Ana de Armas, Craig’s co-star in “Knives Out,” plays an operative who seems overmatched by the assignment but turns out to be terrific, a screwball heroine lost, but found, in a Bond picture. Here, too, Lashana Lynch enters the action in the Cuba scenes (something to do with Blofeld and SPECTRE and mass killings at a birthday party) as 007′s MI6 colleague. The women truly register on the movie’s radar in a way that’s unusual for this series, even among the better Craig-as-Bond years.
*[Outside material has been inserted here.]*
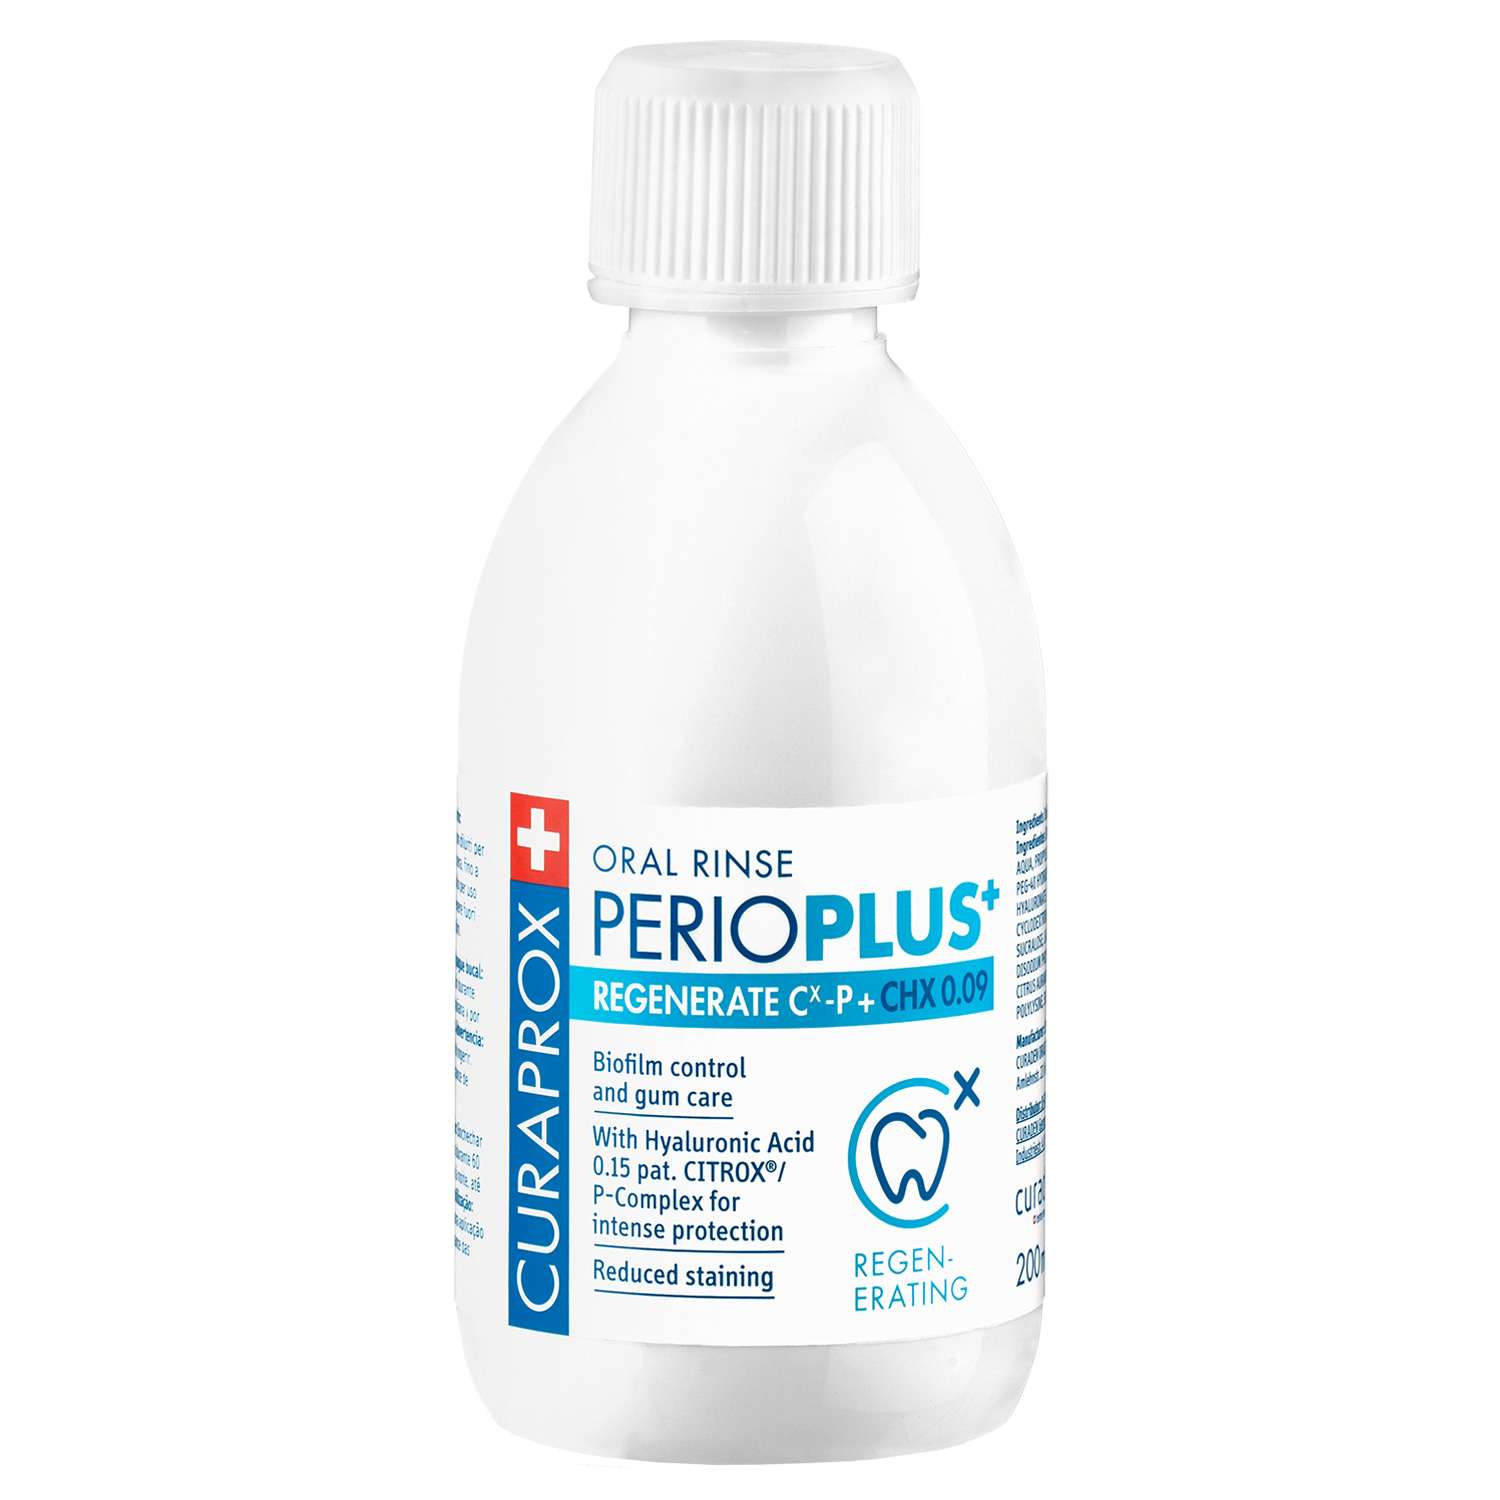 Жидкость-ополаскиватель Curaprox Perio Plus Regenerate CHX 0.09% и гиалуроновая кислота - фото 2

Anytime a screen Bond chugs past the age of 50, the old-man “dinosaur” references commence, and “No Time to Die” does its duty. One scene featuring the now-incarcerated Blofeld (Christoph Waltz) has him tauntingly referring to Bond and himself as “old men” stuck in their respective New World Order roles. The spy games have gone on a while for both. As a commercial action filmmaker for hire, Fukunaga is trying, and mostly succeeding, to run with that idea, while leaning into the script’s meaner, heavier, rougher stretches, particularly in the final 40 minutes or so. (The first half of the movie’s considerably more fun.)

Bond of course will be back, as the end credits remind us. As the movie itself reminds us — twice, in a bit of office politicking involving 007′s official designation once he slumps out of retirement — “it’s just a number.” Well, that’s a lie, just as for many characters in “No Time to Die,” the title lies like a Connery-era Bond girl on a bearskin rug. My own moviegoing history with Bond started with Roger Moore and the inarguably racist and inarguably popular “Live and Let Die,” at age 12. I remember my parents getting a sitter three years earlier so they could see “Diamonds Are Forever.” I remember seeing “The Spy Who Loved Me” with my dad a few years later. (It’s the best of the Moore outings.) I remember seeing Craig in “Casino Royale” 15 years ago and feeling gratified that we were back on planet Earth, with relatively human-scaled crises. (What is testicle-smashing if not a human-scaled crisis?)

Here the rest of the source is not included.